Over the past decade, Europe’s share of global clinical research has declined. Even as the total number of global commercial trials rose by 38%, the European Economic Area share of commercial trials fell from 22% in 2013 to 12% in 2023. This has a real impact on patients: it represents an estimated 60,000 fewer people accessing trials involving an EEA country, and 20,000 fewer places available in EEA-only trials. These latest data, published in October 2024, reflect a long-running trend that must be reversed and illustrate that the European research system is slow and fragmented. Despite these challenges, there is a strong sense that all contributors to EU clinical research are committed to ensuring Europe fully realizes its potential as a great place to conduct trials. These contributors must turn this commitment into measurable results without delay. There has been progress in some areas, mixed with discouraging news on European competitiveness in clinical research.

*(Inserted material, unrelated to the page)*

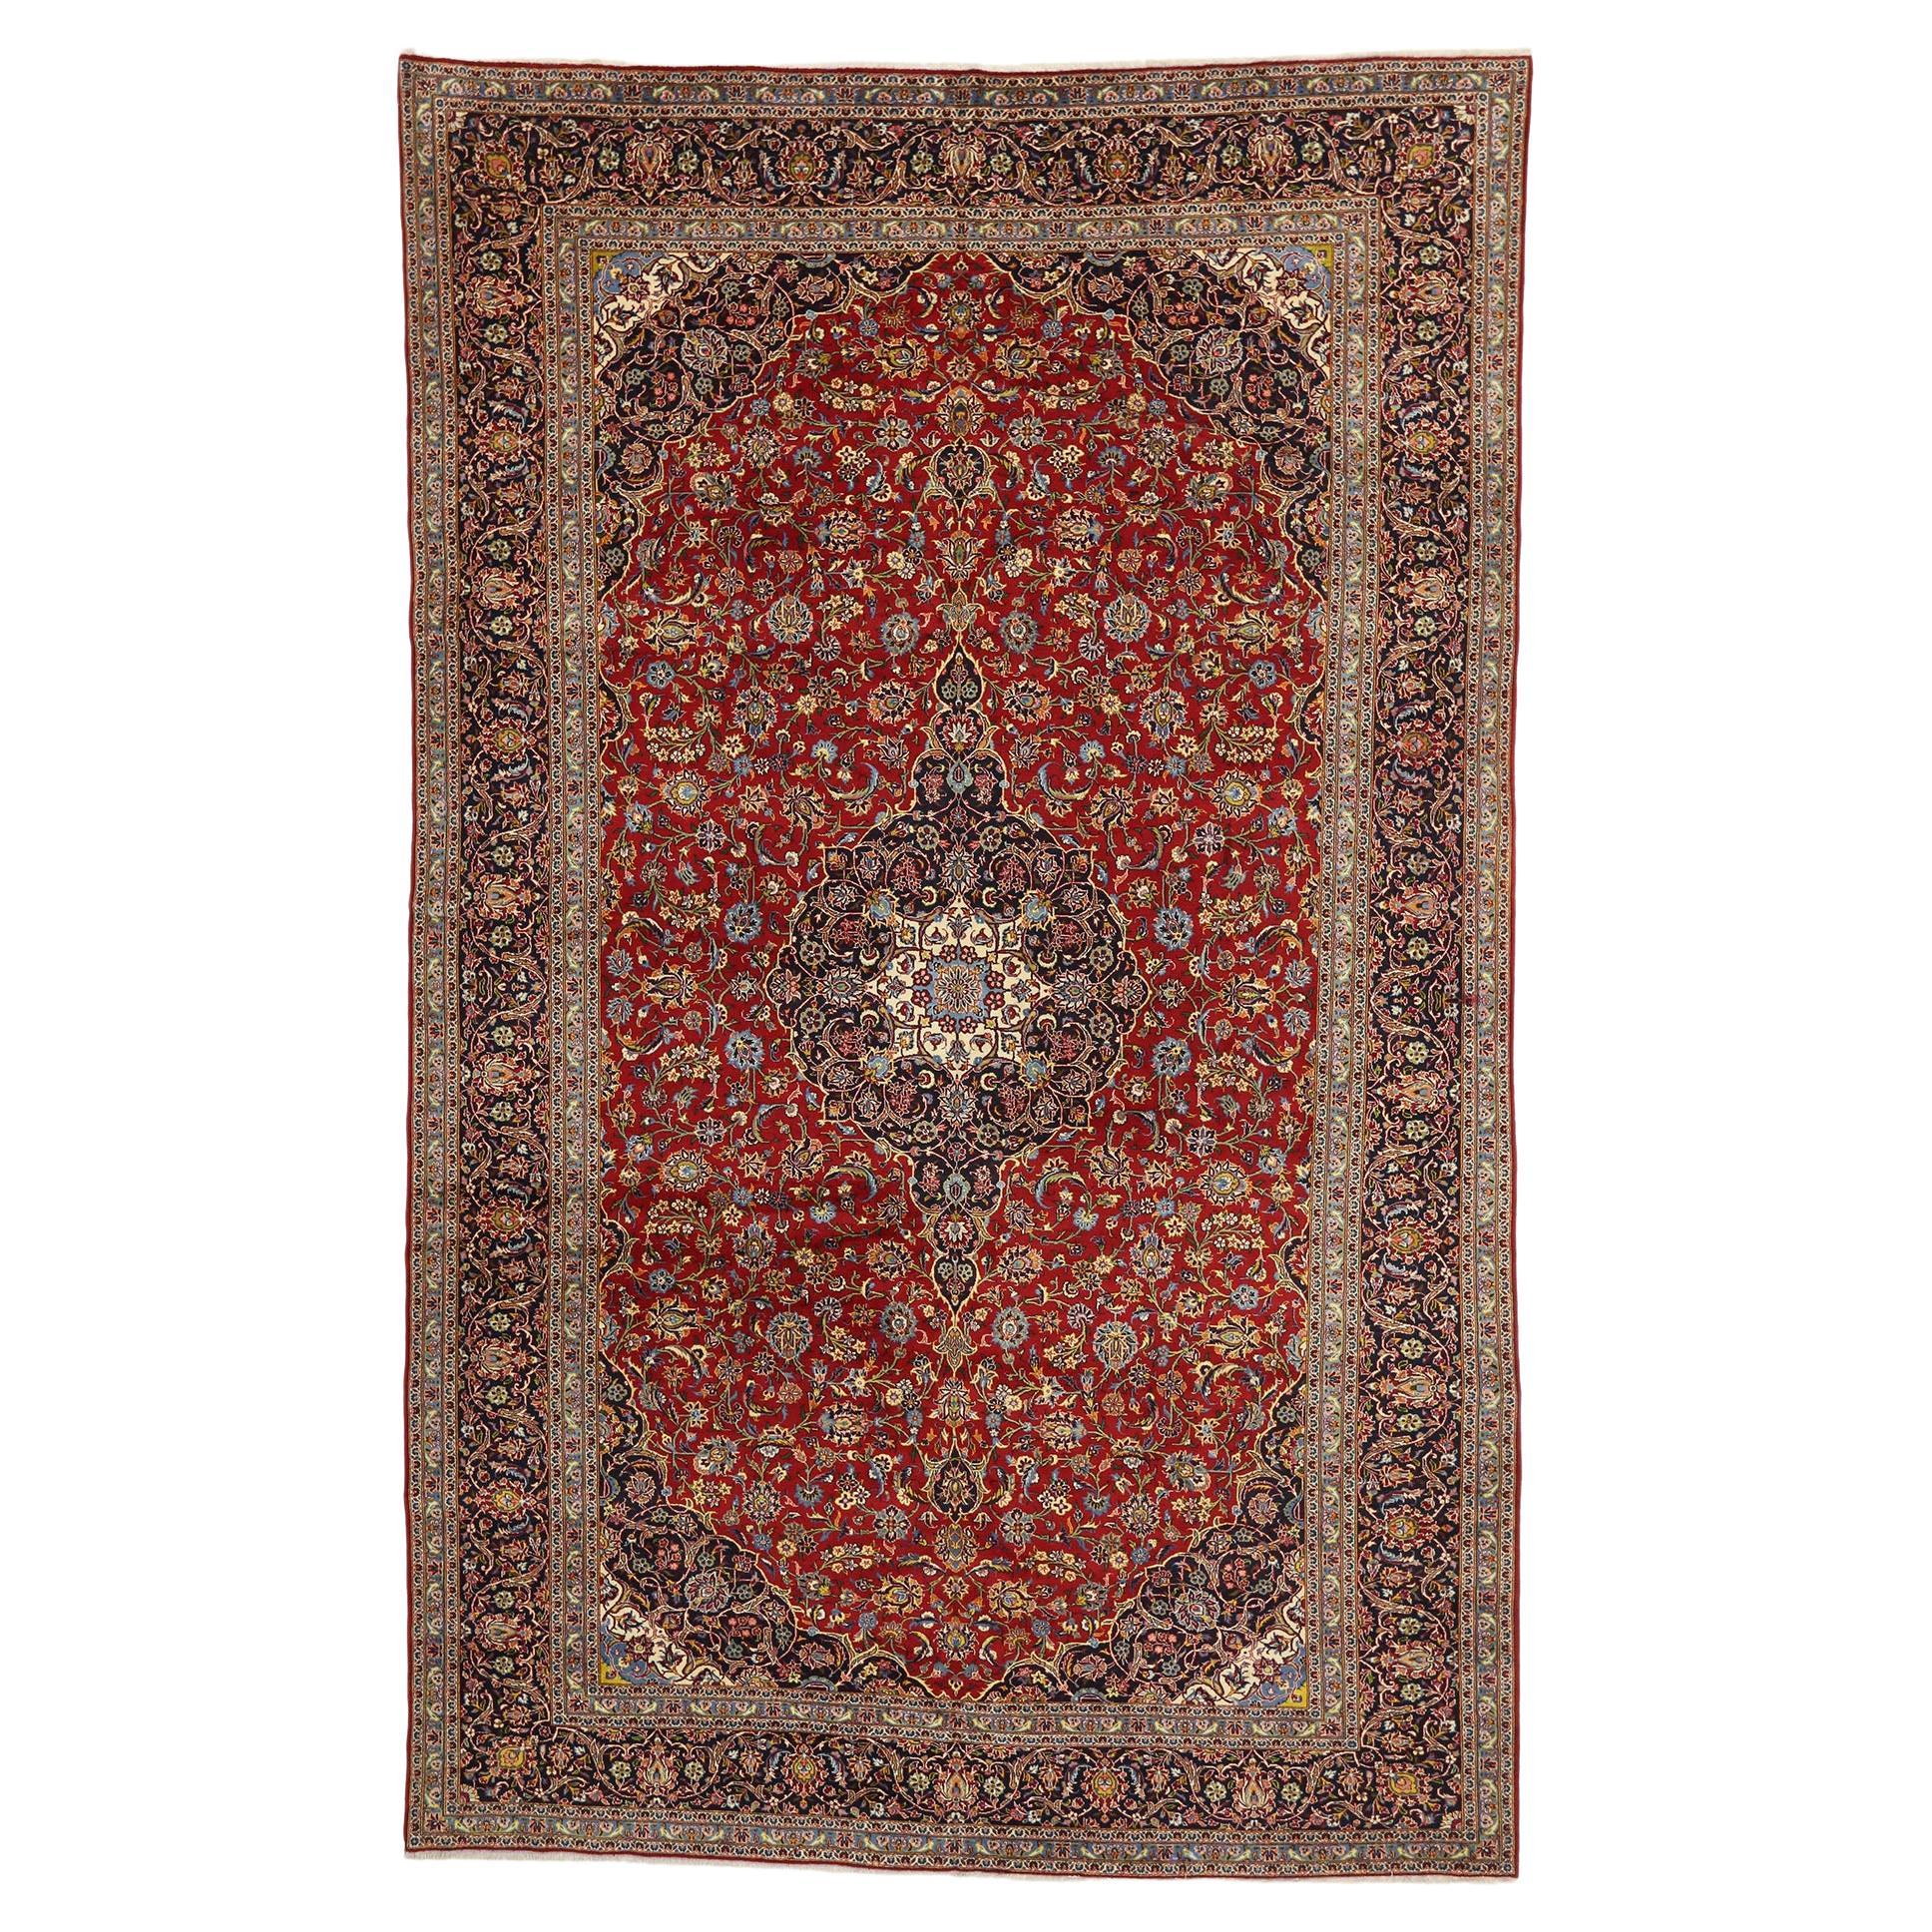 Persischer Kashan-Teppich im Vintage-Stil, Traditional Sensibilität trifft auf Stately Decadence
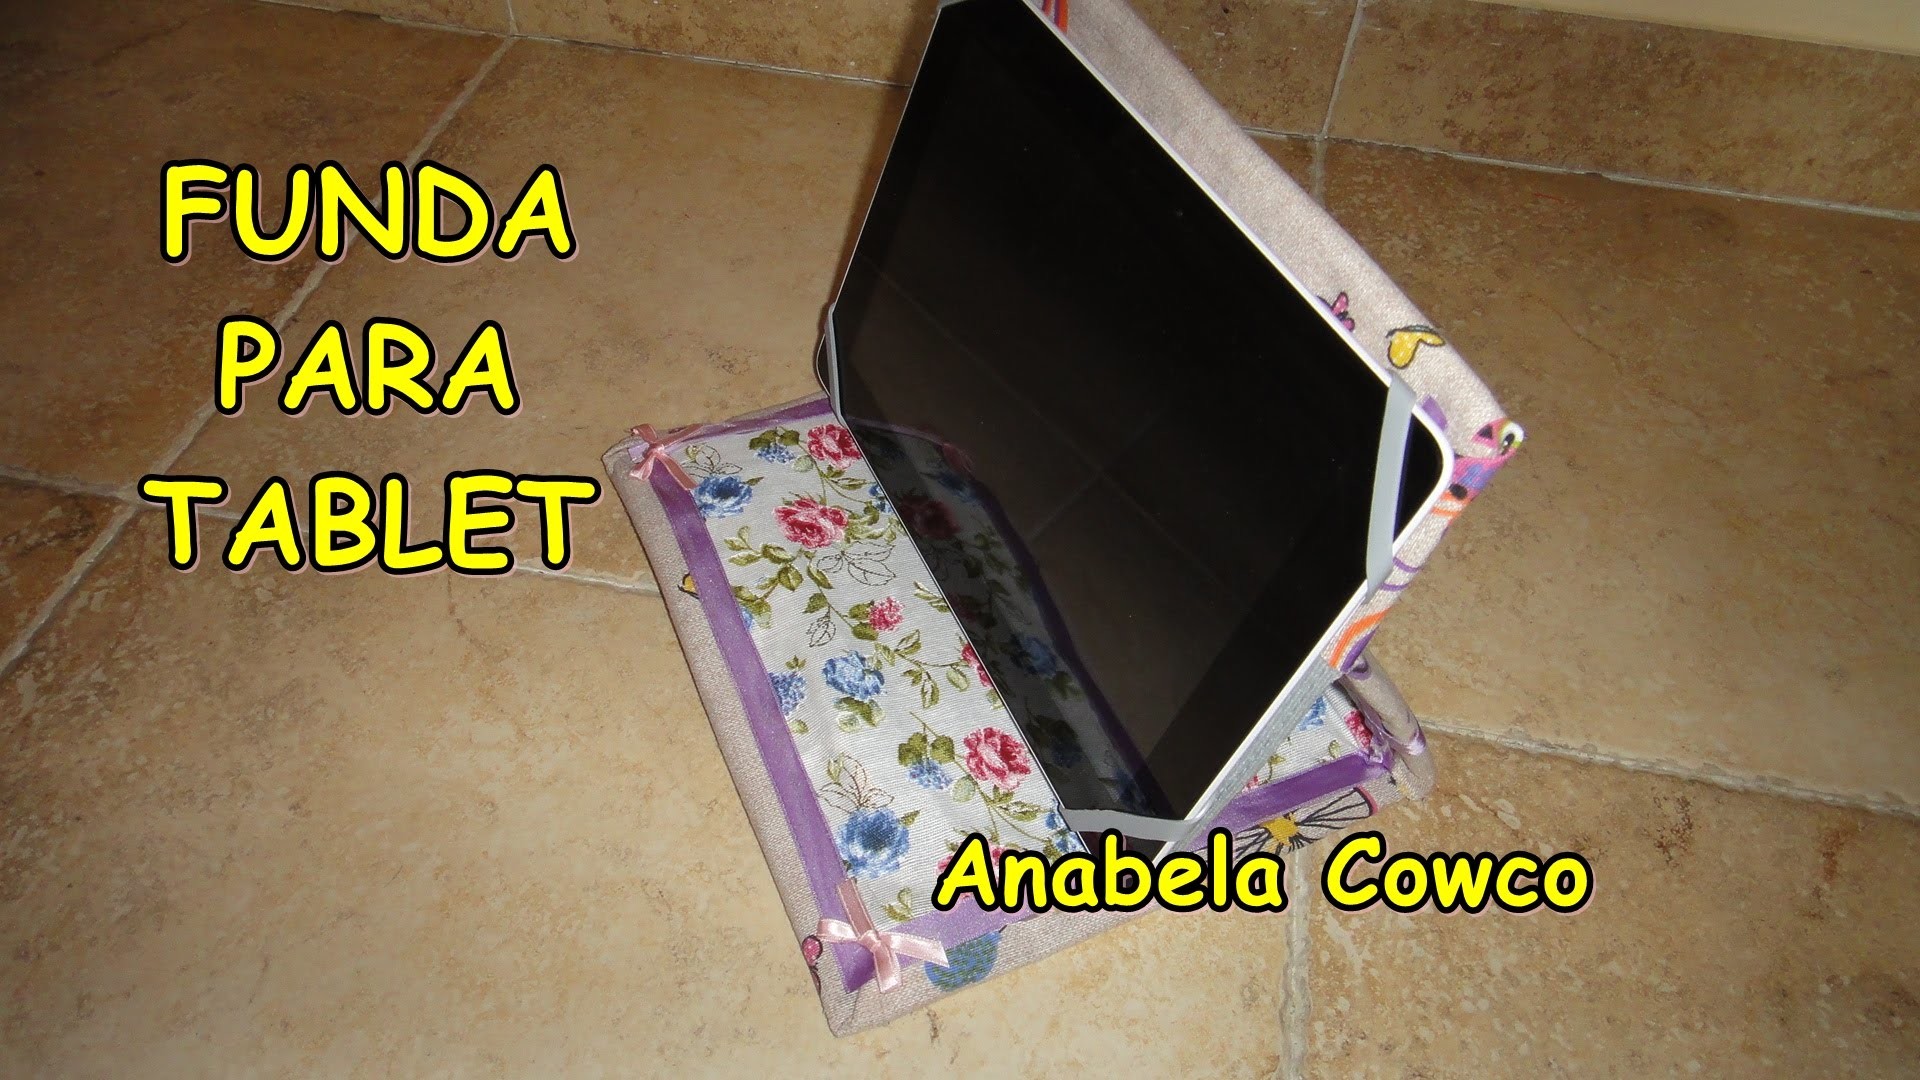 Cómo hacer. renovar tu funda para tablet by Anabela cowco

Europe begins from a position of strength, with excellent research institutions, global opinion leaders in clinical research, and leading healthcare systems. It has been a vital source of scientific and medical progress for centuries and strives to remain an important global player in conducting clinical trials. The problem is in converting these strengths into a more efficient and attractive research landscape.
The global environment is increasingly competitive. With large competitors, such as the US and China, growing their share of clinical trials, and smaller competitors such as Japan, South Korea, and Australia using flexibility to their advantage, EU stakeholders must pull together to unlock their full potential. To do this, we must foster dialogue, while working together to resolve problems swiftly at the national and European level.
Time to ACT Faster
The good news is that Europe already has a platform for multistakeholder collaboration which, with renewed urgency from all sides, can be a catalyst for concrete progress. The Accelerating Clinical Trials in the EU (ACT EU) initiative was launched in 2022 by the European Commission, the European Medicines Agency (EMA), and Heads of Medicines Agencies (HMA). It seeks to create a favorable environment in the life sciences through harmonization, innovation, and collaboration with stakeholders. ACT EU builds on the momentum of implementing the EU Clinical Trials Regulation (CTR) and the Clinical Trials Information System (CTIS), exploring ways to incorporate new approaches and sources of data that can enable dynamic and robust evidence generation.
The first two years of the ACT EU initiative have already delivered advances on several fronts and have inspired hope for a new era in EU clinical research. This promise has not yet been realized, but ACT EU provides a solid foundation on which to build.
Fundamentally, ACT EU has brought the European clinical research community together to focus on a vision for 2030 in which clinical evidence is guided by shared data, knowledge, and expertise. It is a future where innovative trials with harmonized/interactive platforms are at the heart of the regulatory system; a future in which we see increased harmonization and collaboration among Member States and ethics committees, supplemented by real-world evidence and new methodologies where appropriate. High levels of transparency will remain central to this system so that societal trust is preserved and, crucially, the patient voice should play a strong role in the work of authorities and industry at every stage.